In spite of Administration statements, Washington's traditional allies see that Iran continues its subversive activities with minimal or no consequence. From testing new ballistic missiles to reportedly smuggling armor-piercing explosively formed penetrators to Shi'a in Bahrain, the U.S. government response has been "measured," to use a State Department term that everyone understands really means tilting asymptotically toward zero.
So the provocations continue. Just two days after the January 18 prisoner swap between Washington and Tehran that succeeded in releasing Washington Post journalist Jason Rezian, who had been detained by the theocracy for a year and a half, Iranian-backed militias in Iraq kidnapped three Americans in Baghdad. Anyone could have predicted this consequence of lowering the moral hazard bar, and several people did.
Quite aside from violating the Geneva Conventions by broadcasting video of captured servicemen, according to international law the sailors were captured illegally in the first place. And yet after their release, Secretary Kerry thanked Iran for its cooperation. The old saw is that a diplomat is someone who thinks twice about saying nothing. That's supposed to be a dig, but it would have been a far better way to handle this particular matter than Secretary Kerry's thinking too little about saying too much.
No wonder then, that Iran persists in its subversive activities and what U.S. military officials describe as "unnecessarily provocative and unsafe" actions toward U.S. forces in theater.
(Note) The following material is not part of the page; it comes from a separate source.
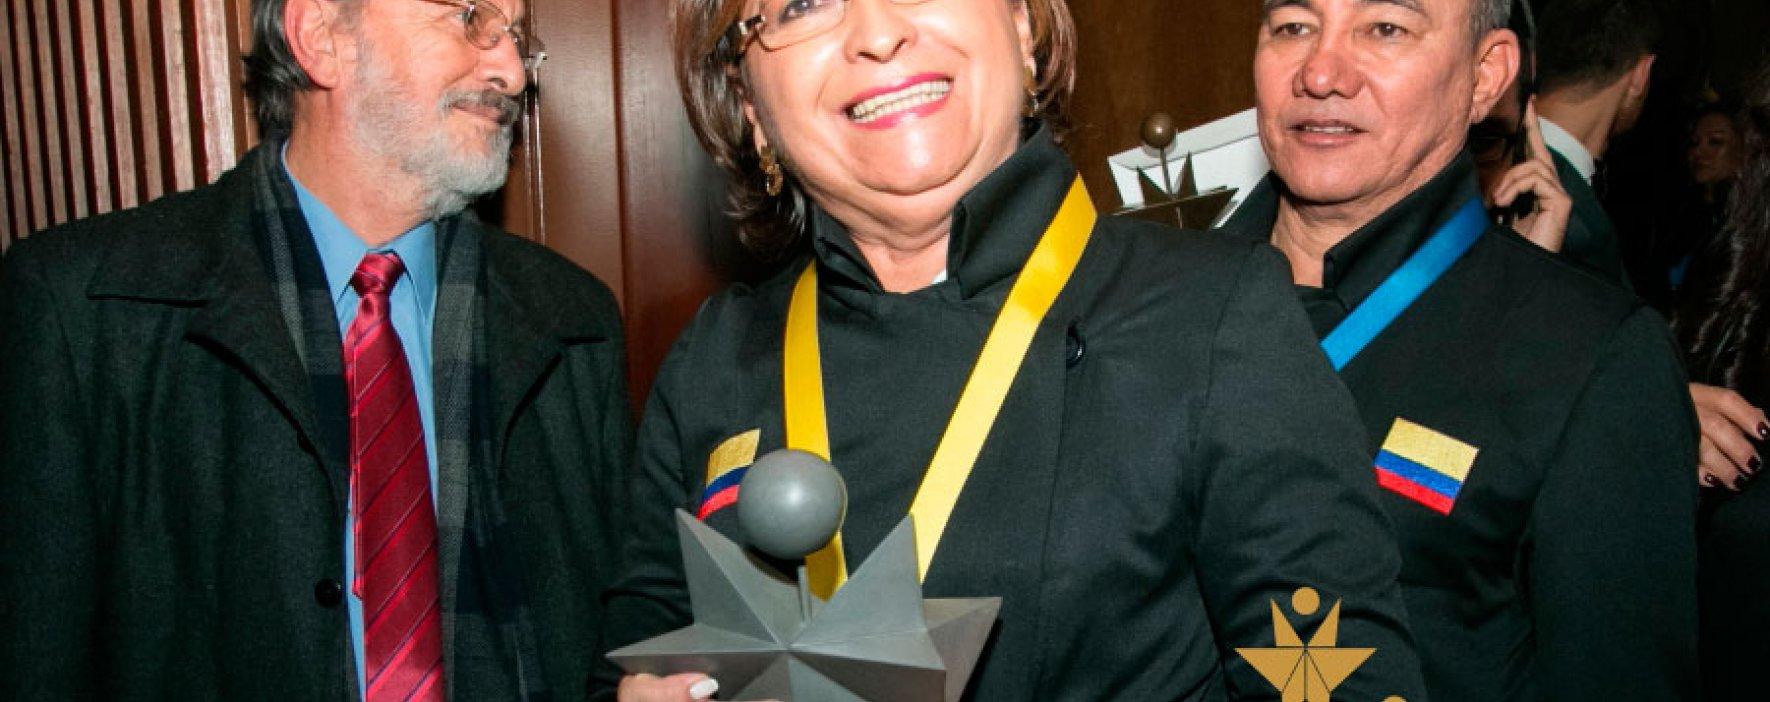 Maestro y rector, haga parte de la historia con el Premio Compartir

If the Obama Administration is truly committed to containing Iran in the wake of the nuclear deal, it needs to become more aware of how it is being perceived in the region. Diplomacy is important, but so too is credible deterrence. The wages of continued U.S. blandishment is an emboldened Iran.
David Schenker is the Aufzien Fellow and director of the Program on Arab Politics at The Washington Institute.